#### What you are asked to do
Output the data below exactly, without images.

#### Exercise data

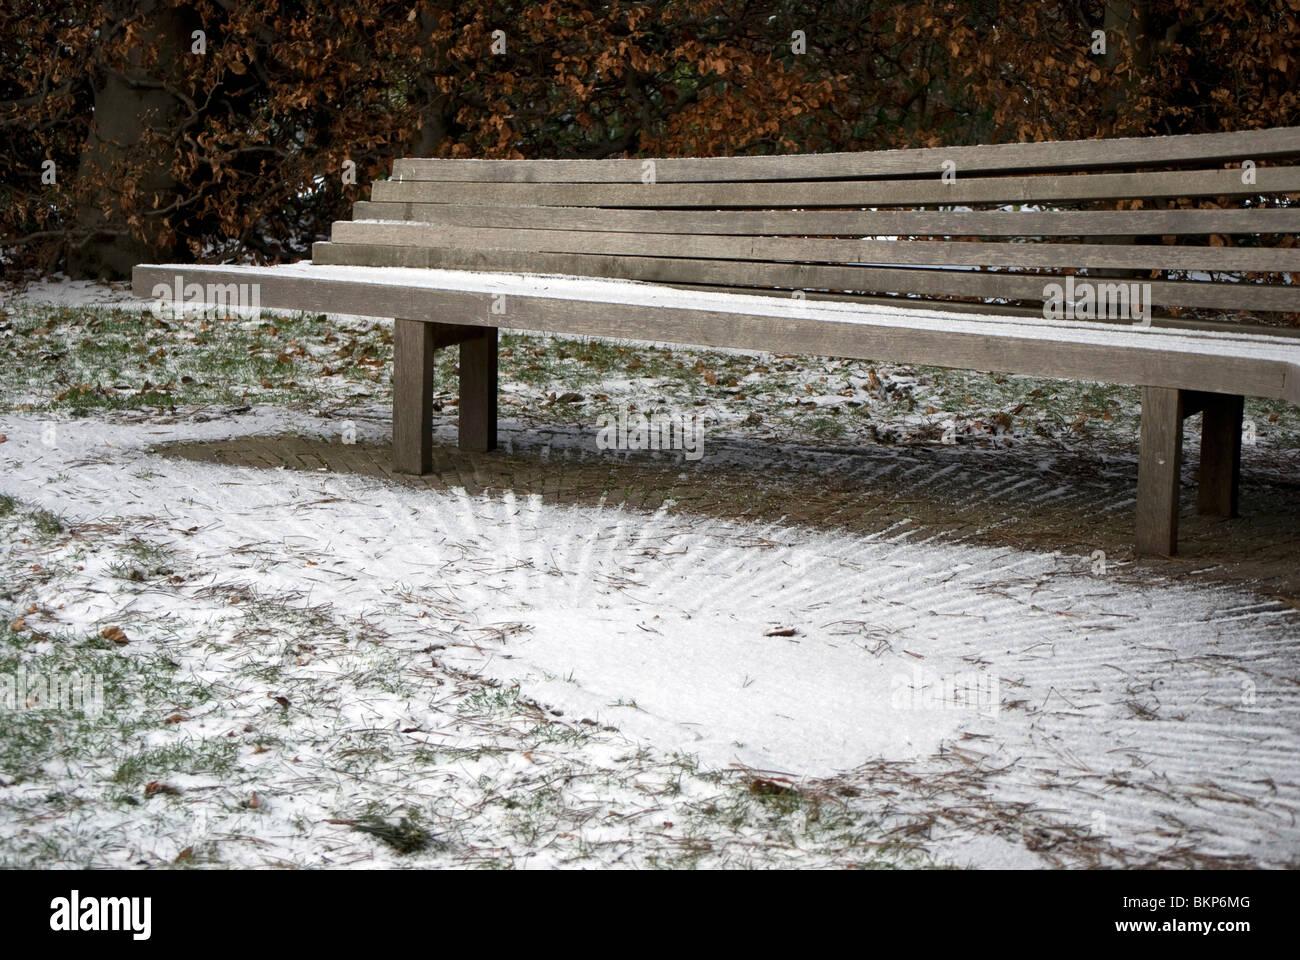 Unusual seat in the snow in the Royal Botanic Garden, Edinburgh, Scotland. - Stock Image
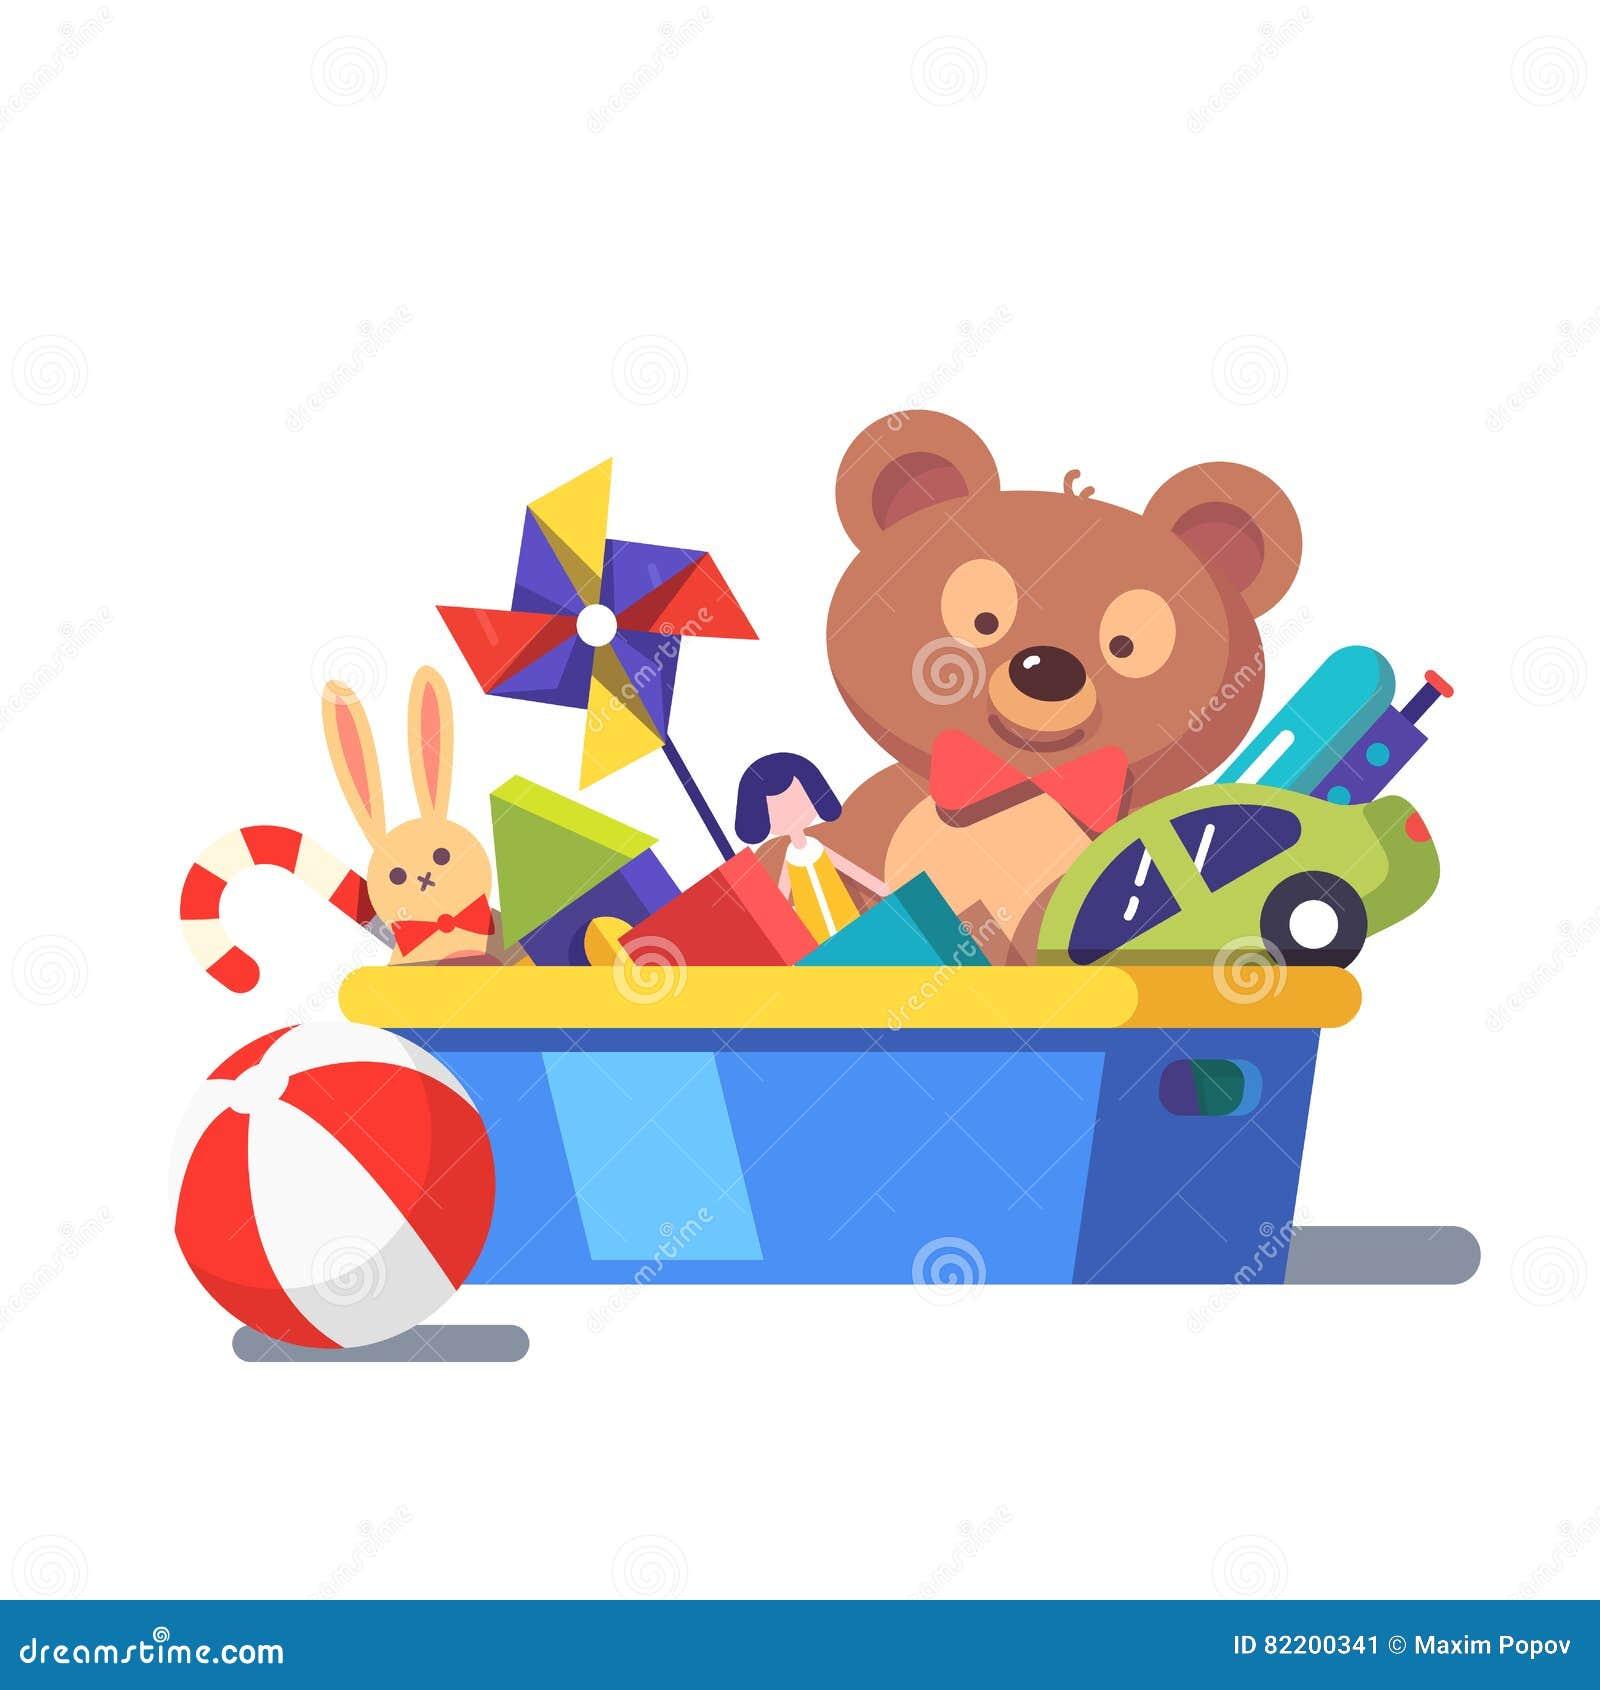 Line Art Cartoon Toys Vector : Kids toy box full of toys stock vector illustration
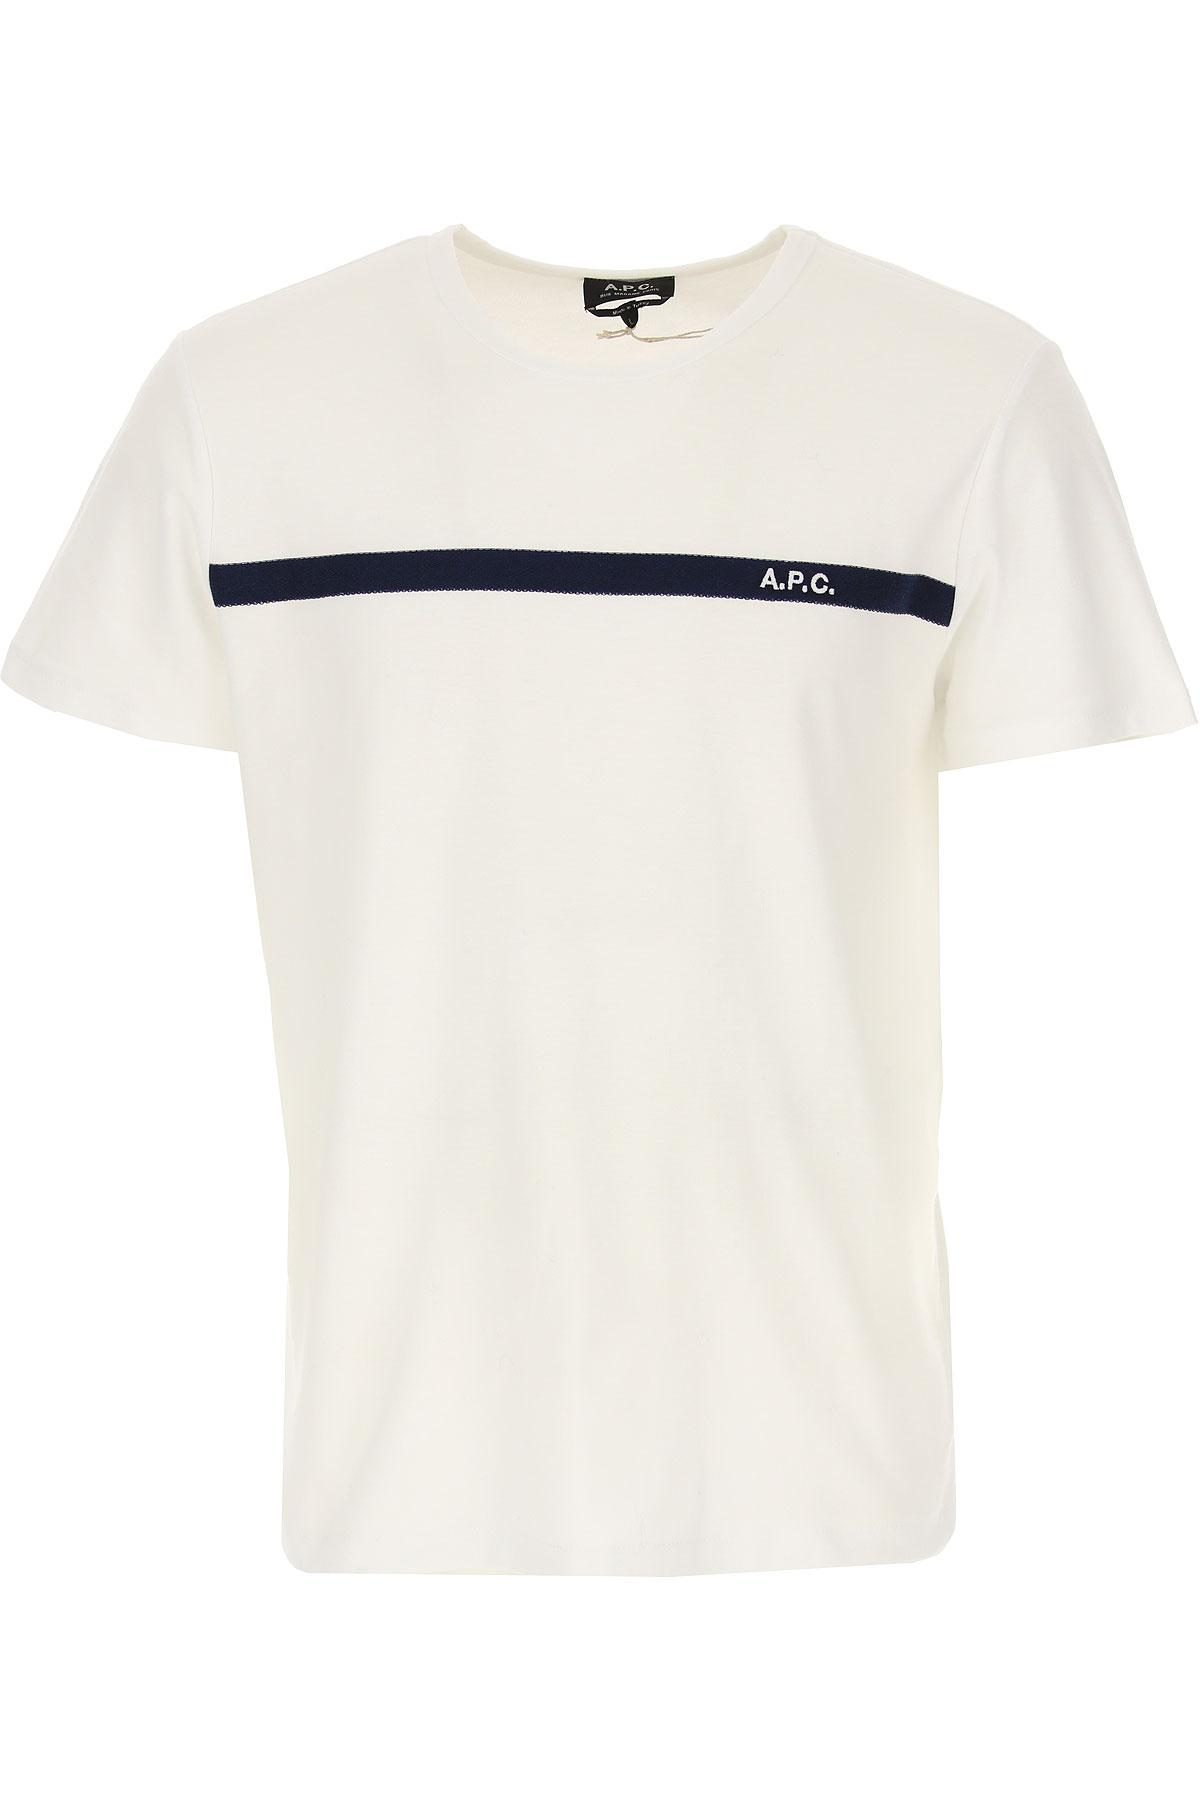 A.P.C T-Shirt for Men On Sale, White, Cotton, 2019, L M S
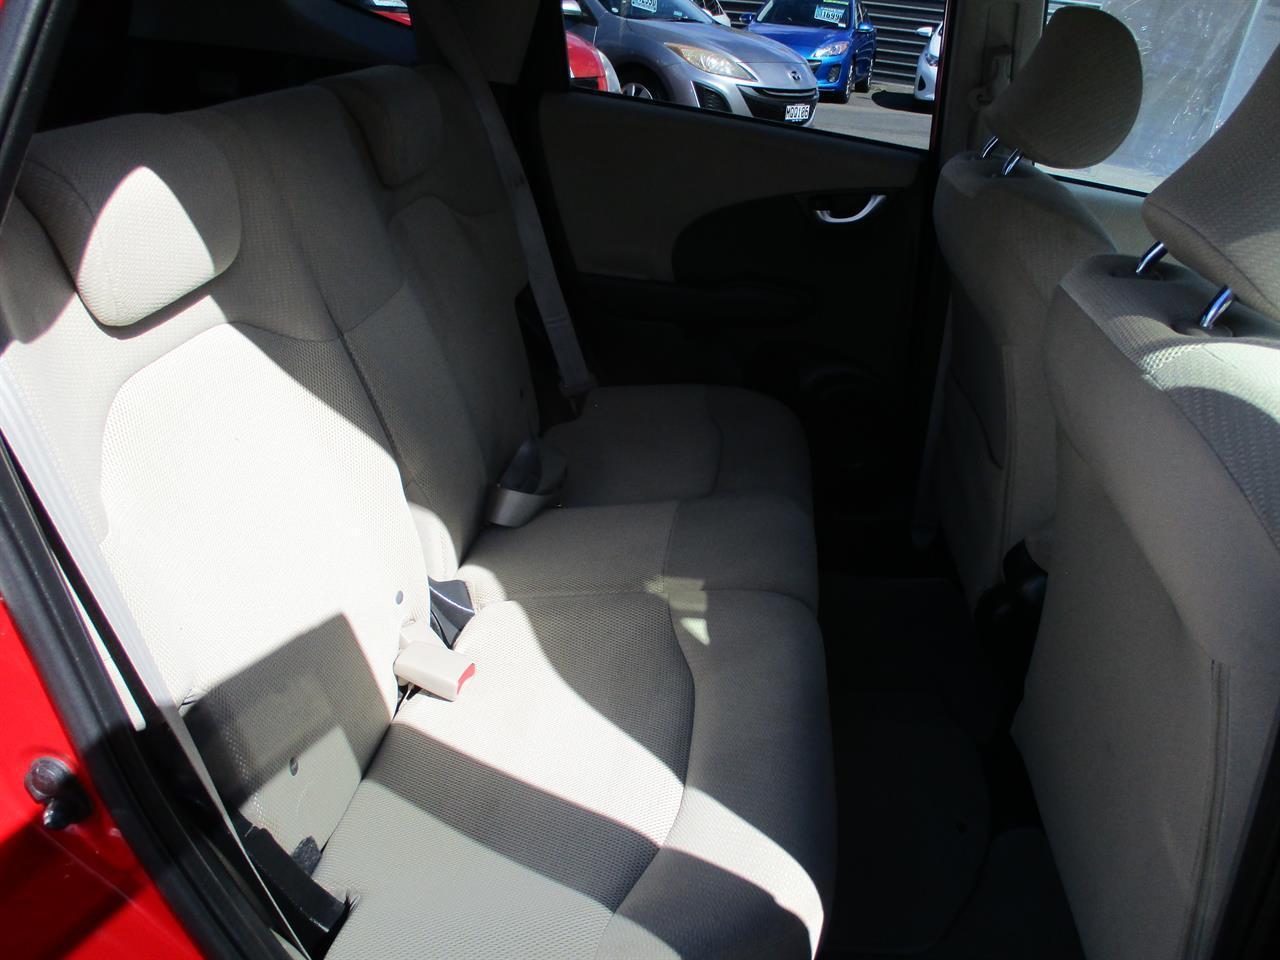 image-13, 2011 Honda Fit Hybrid at Dunedin

#### Answer for the task
 Unusual seat in the snow in the Royal Botanic Garden, Edinburgh, Scotland. - Stock Image
 Line Art Cartoon Toys Vector : Kids toy box full of toys stock vector illustration
 A.P.C T-Shirt for Men On Sale, White, Cotton, 2019, L M S
 image-13, 2011 Honda Fit Hybrid at Dunedin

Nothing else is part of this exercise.